# Your assignment
Pictures do not belong in your copy. Repeat all the other data exactly.

# Information shown
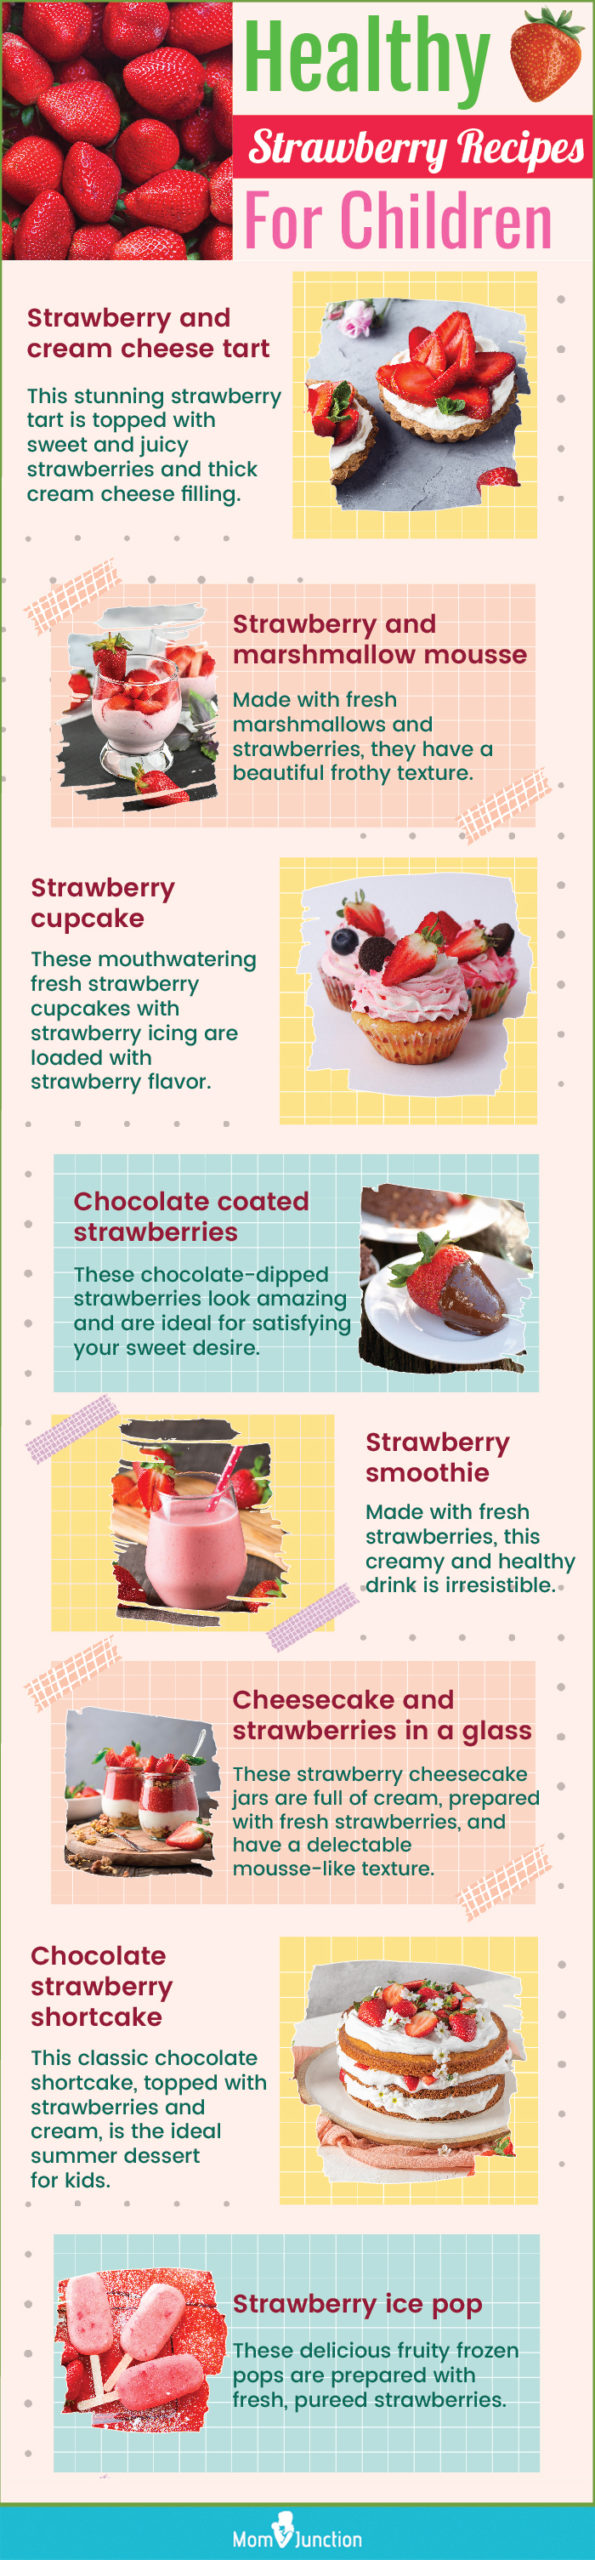 strawberry recipes for children (infographic)
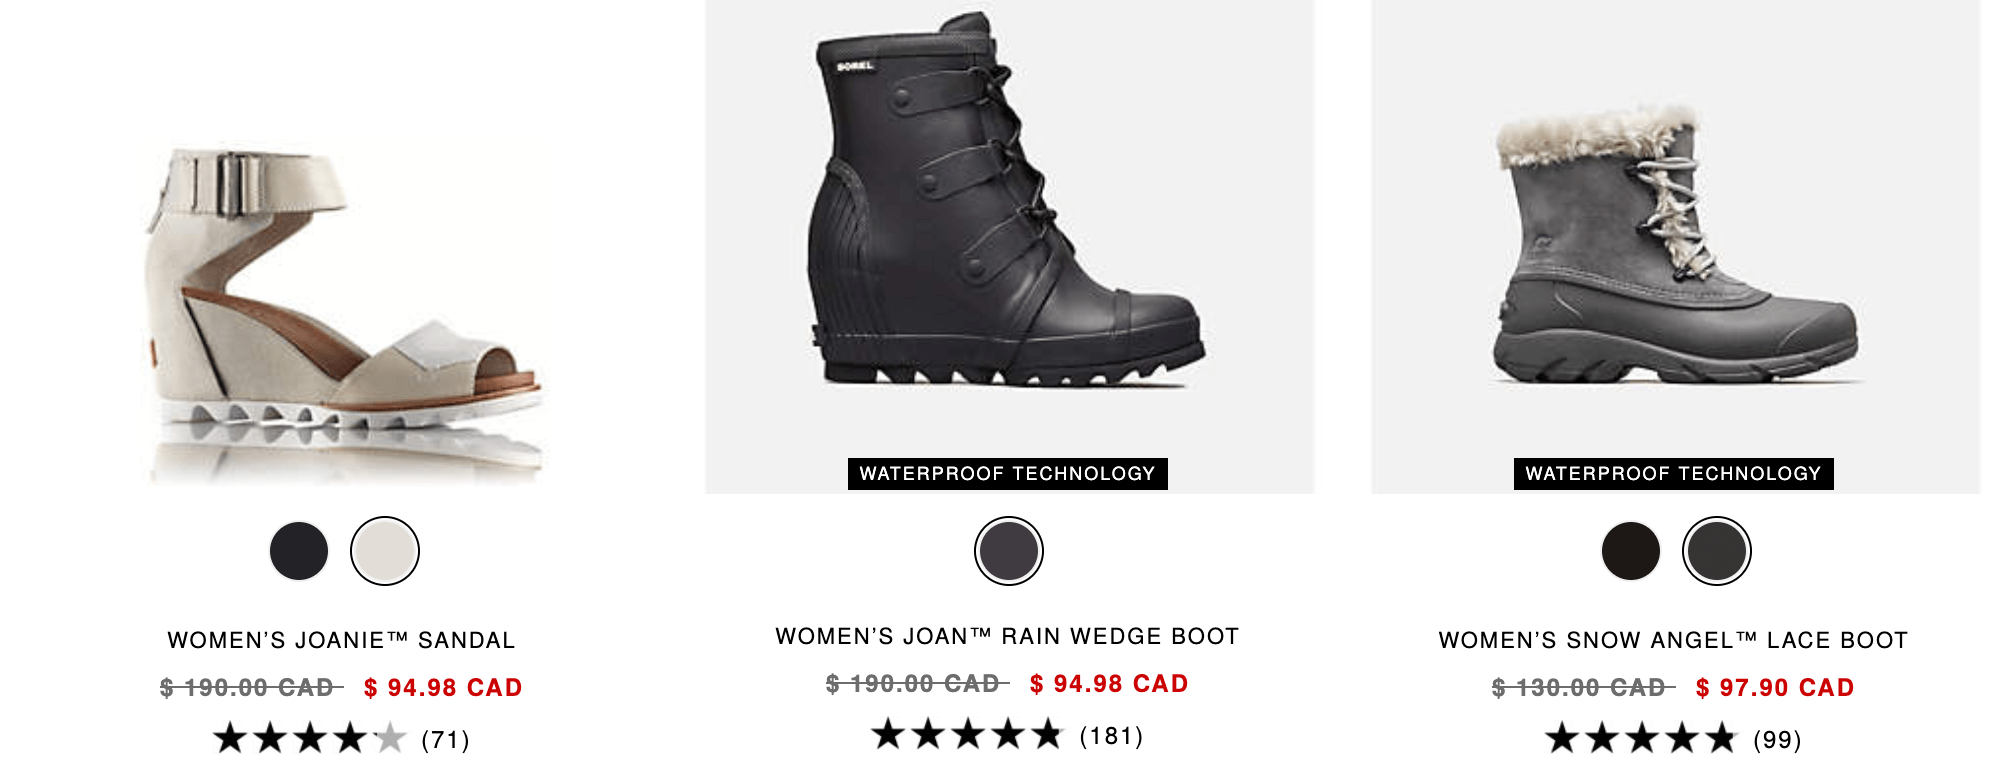 Sorel Canada Sale: Save Up to 50% Off Many Styles - Canadian Freebies ...
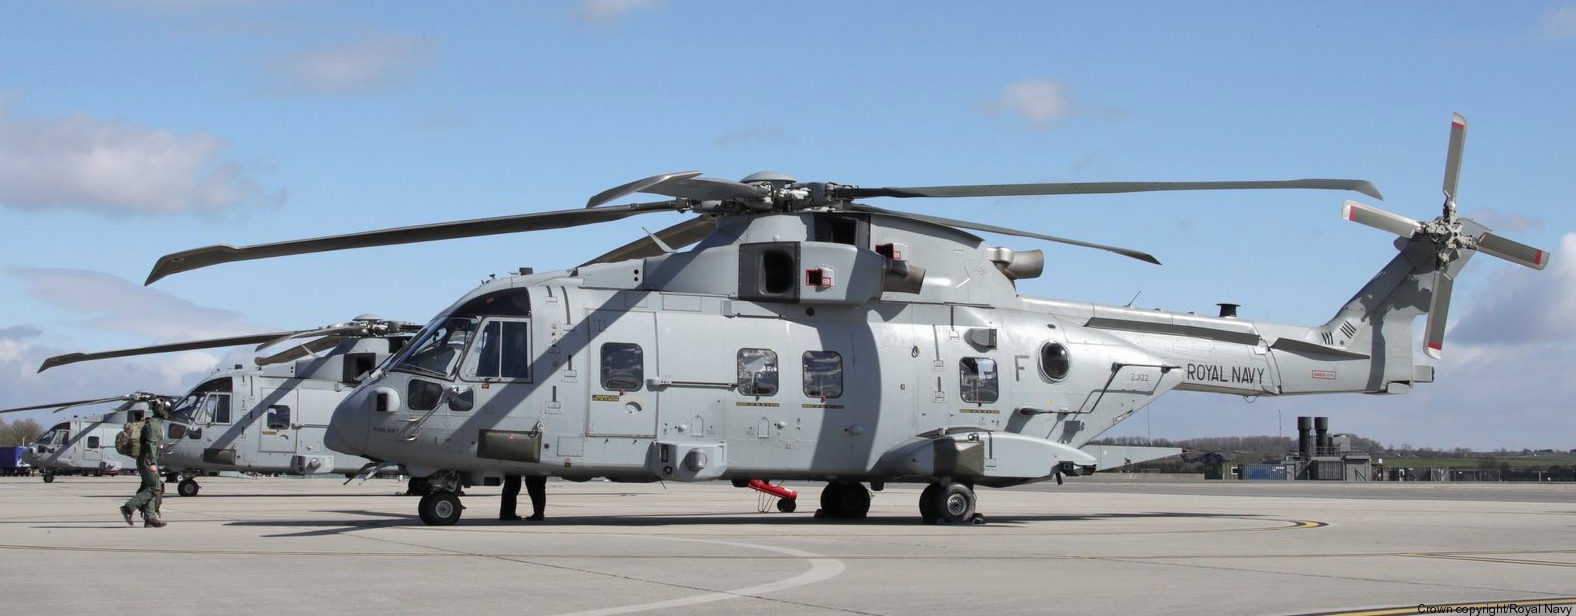 merlin hc4 mk.4 commando helicopter force chf royal navy 845 846 naval air squadron rnas yeovilton aw101 18
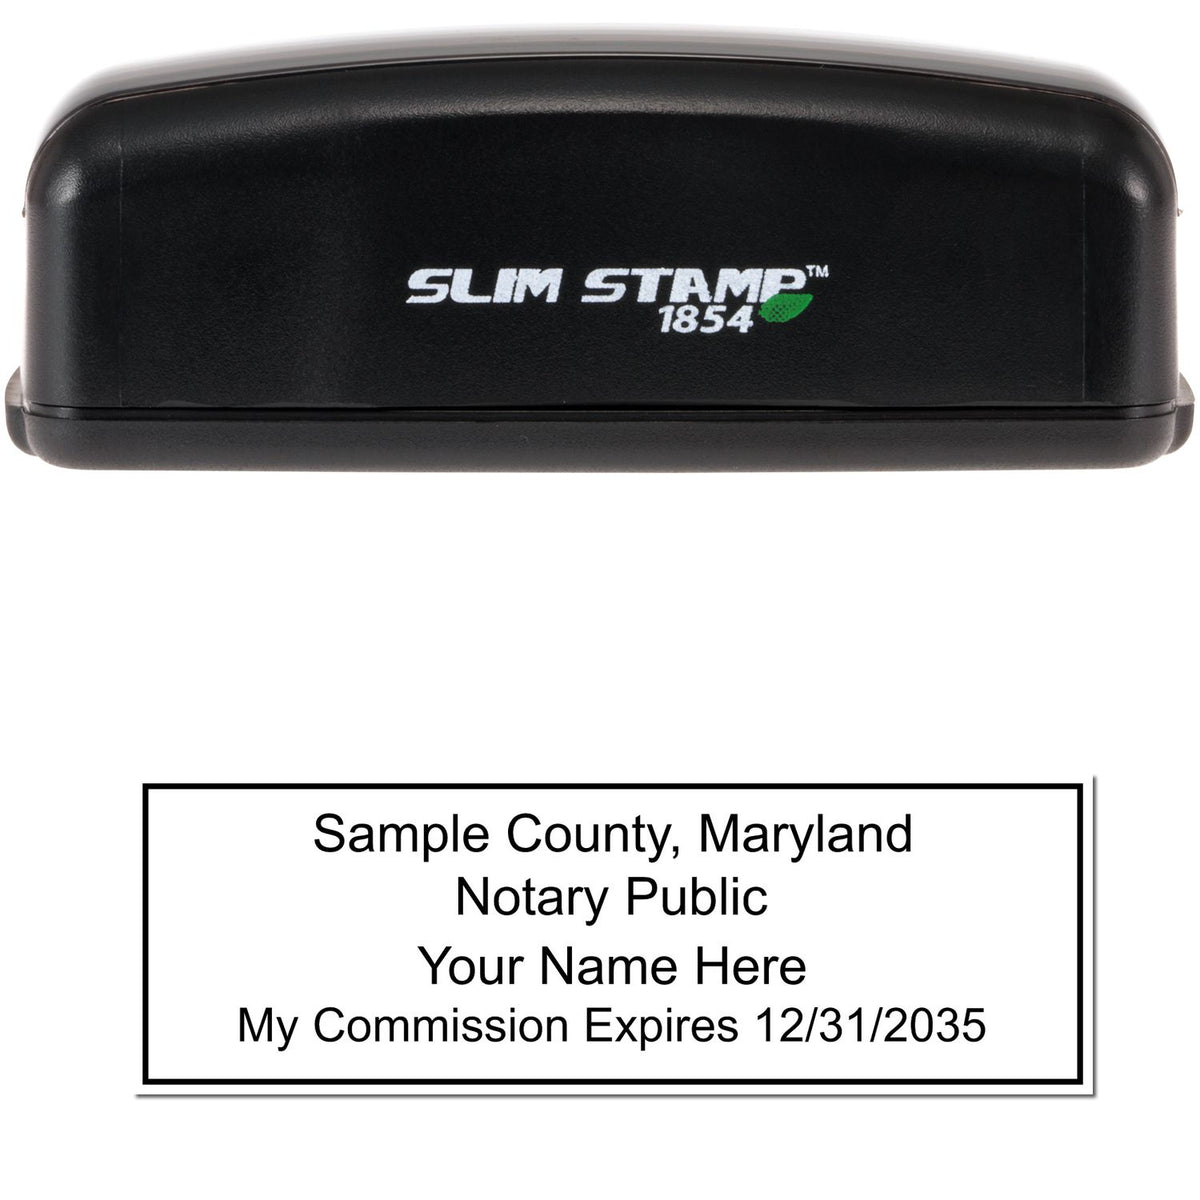 The main image for the Slim Pre-Inked Rectangular Notary Stamp for Maryland depicting a sample of the imprint and electronic files
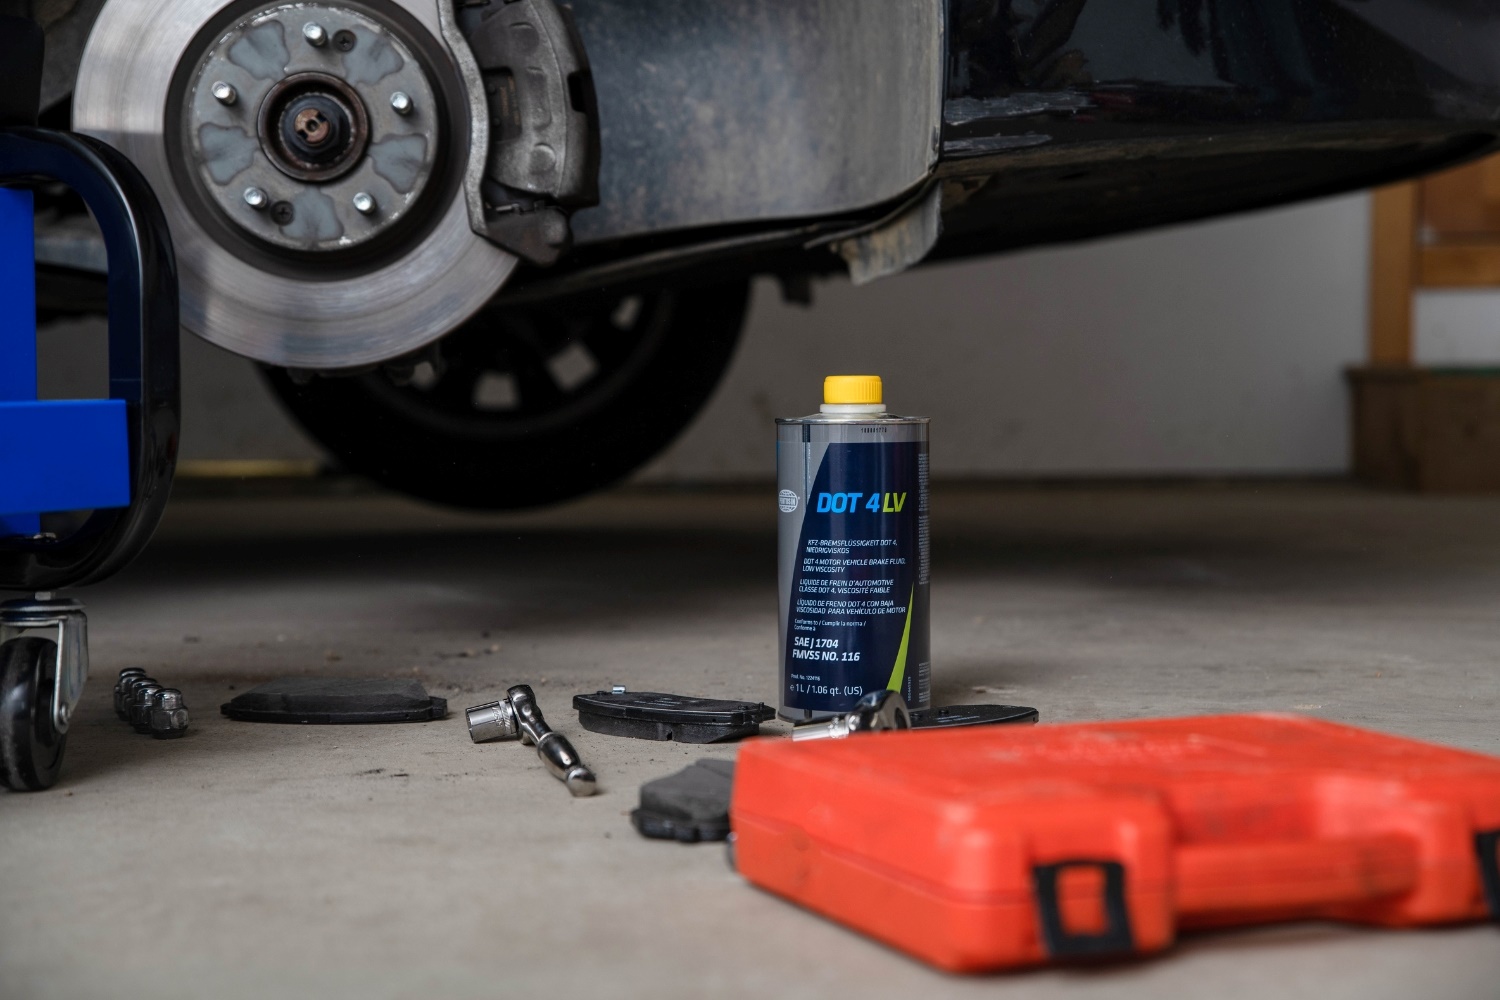 Discover The Secret To Stop Brake Fluid Leaks Instantly – No Repairs Needed!

# Result of the exercise
 strawberry recipes for children (infographic)
 Sorel Canada Sale: Save Up to 50% Off Many Styles - Canadian Freebies ...
 merlin hc4 mk.4 commando helicopter force chf royal navy 845 846 naval air squadron rnas yeovilton aw101 18
 The main image for the Slim Pre-Inked Rectangular Notary Stamp for Maryland depicting a sample of the imprint and electronic files
 Discover The Secret To Stop Brake Fluid Leaks Instantly – No Repairs Needed!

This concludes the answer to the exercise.